*EXERCISE*.
When a line of the records contains "Plains", copy it.

*GIVEN DATA*.
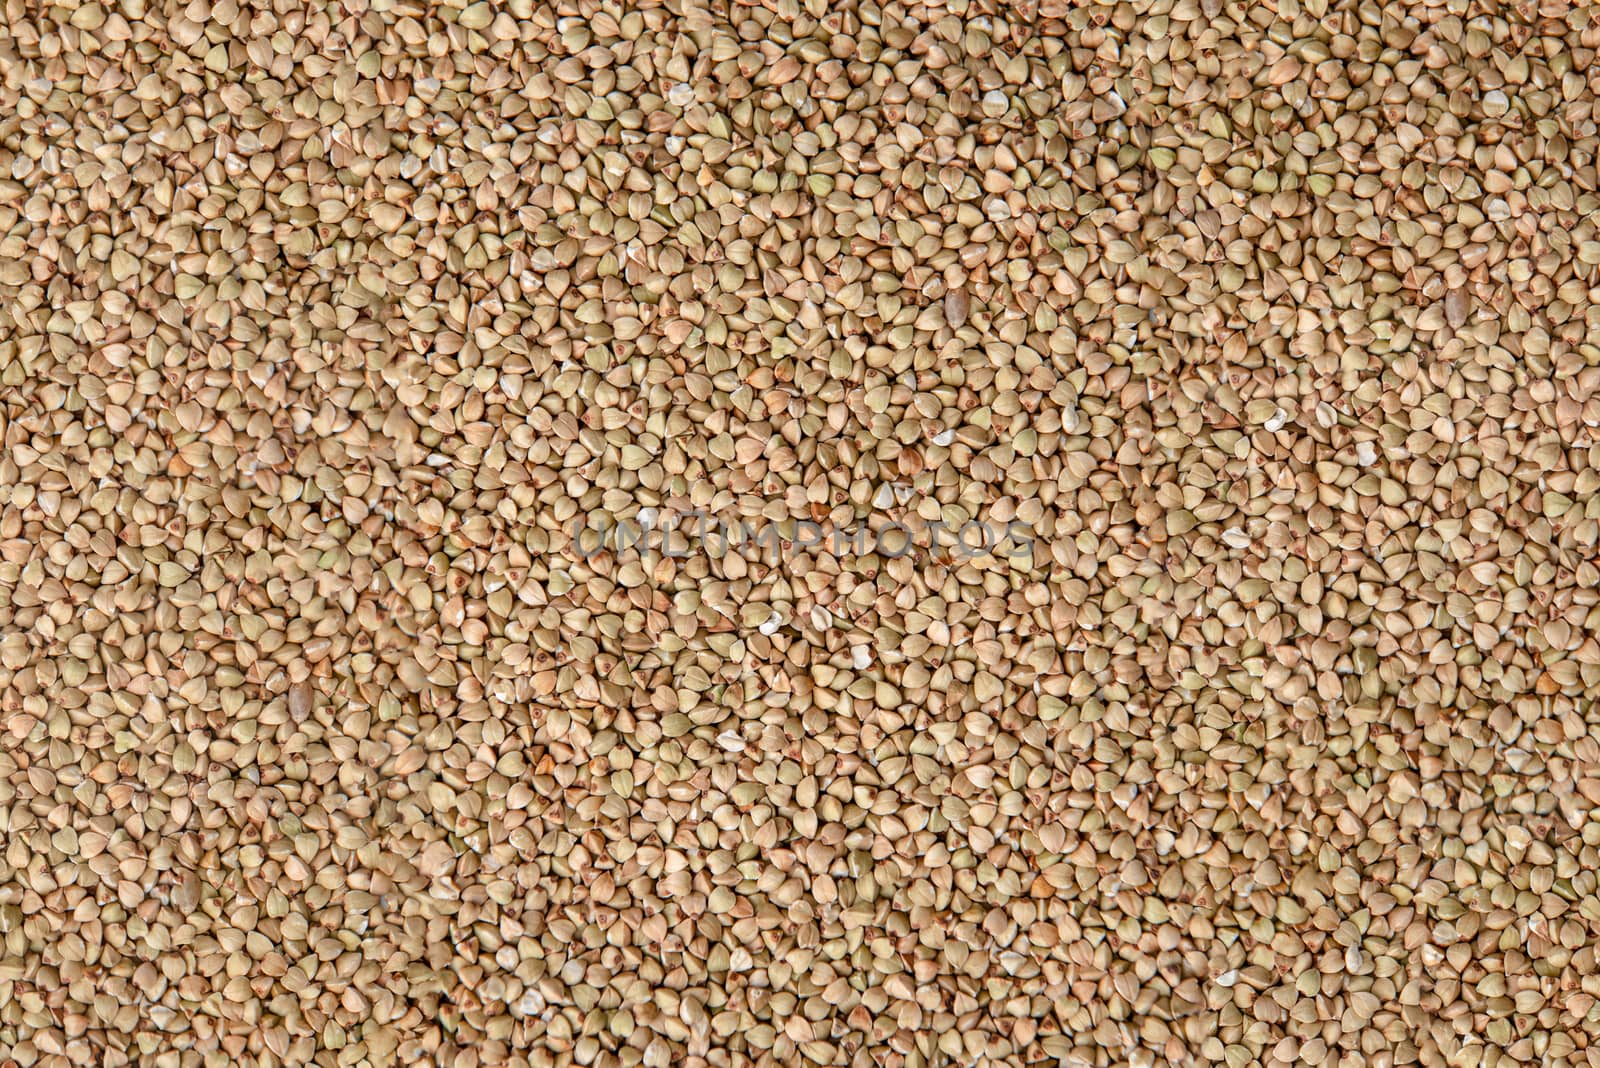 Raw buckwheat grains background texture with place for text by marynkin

* * *

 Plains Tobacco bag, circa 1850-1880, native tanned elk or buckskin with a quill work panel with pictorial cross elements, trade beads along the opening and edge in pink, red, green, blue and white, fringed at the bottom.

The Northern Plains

--

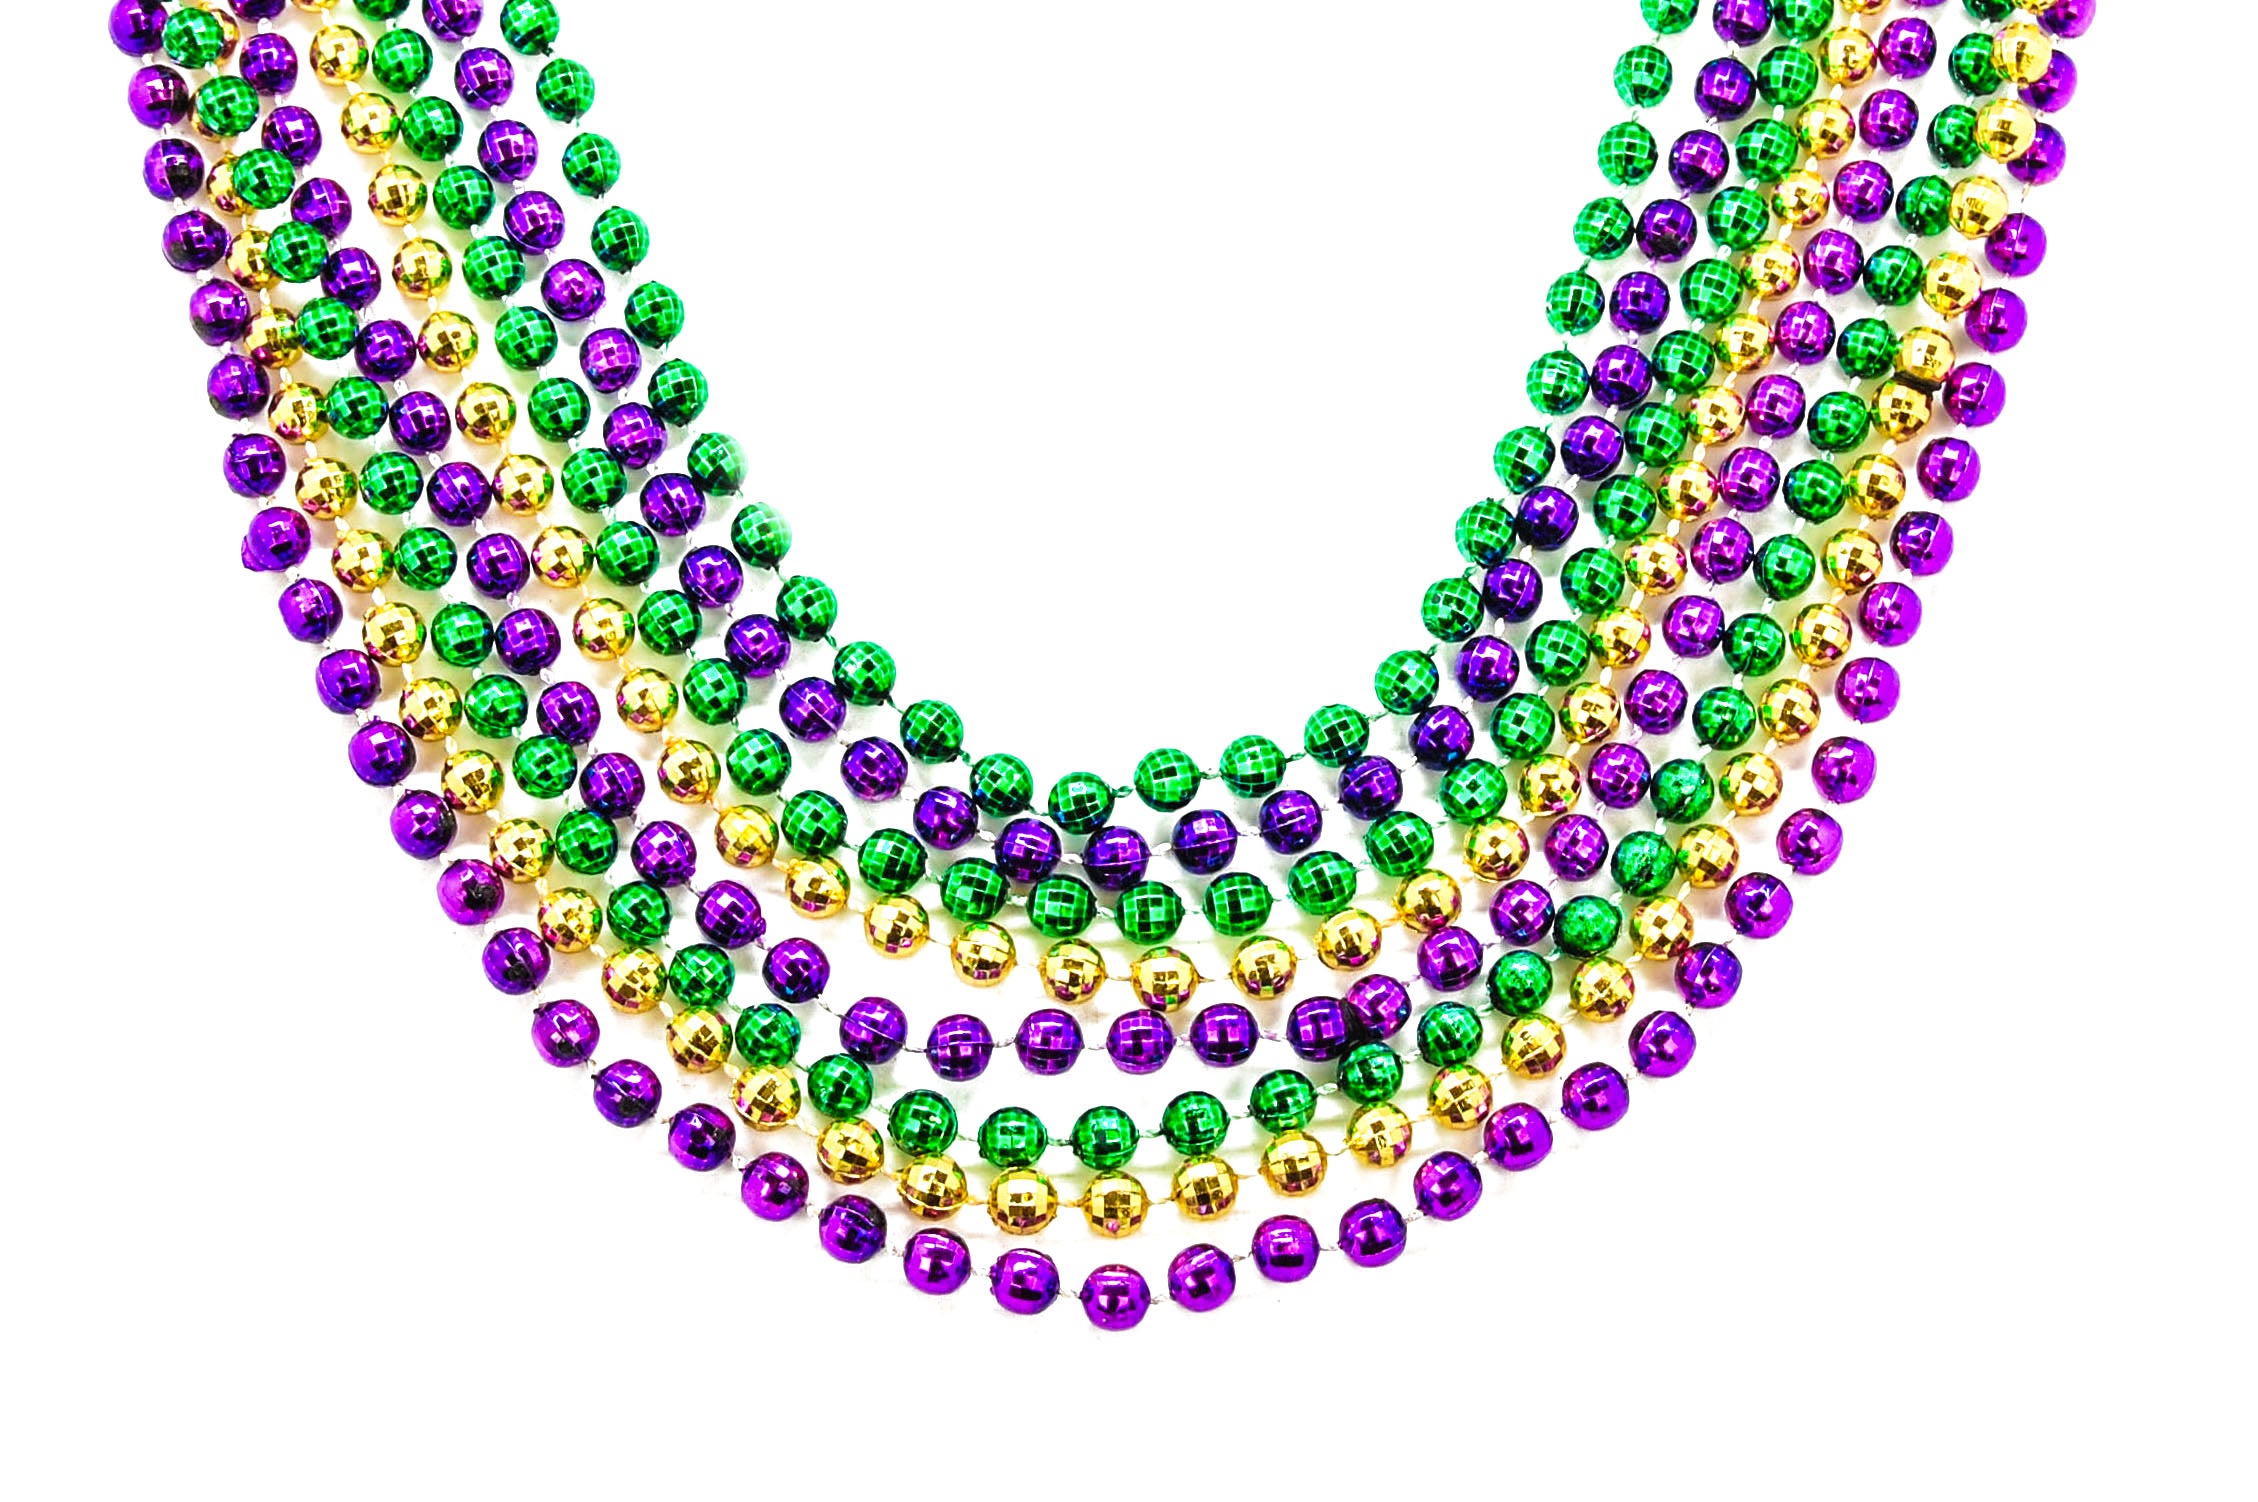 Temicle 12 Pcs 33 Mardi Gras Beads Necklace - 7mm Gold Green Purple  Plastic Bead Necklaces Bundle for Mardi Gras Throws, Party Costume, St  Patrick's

*WRITTEN ANSWER*.
 Plains Tobacco bag, circa 1850-1880, native tanned elk or buckskin with a quill work panel with pictorial cross elements, trade beads along the opening and edge in pink, red, green, blue and white, fringed at the bottom.
The Northern Plains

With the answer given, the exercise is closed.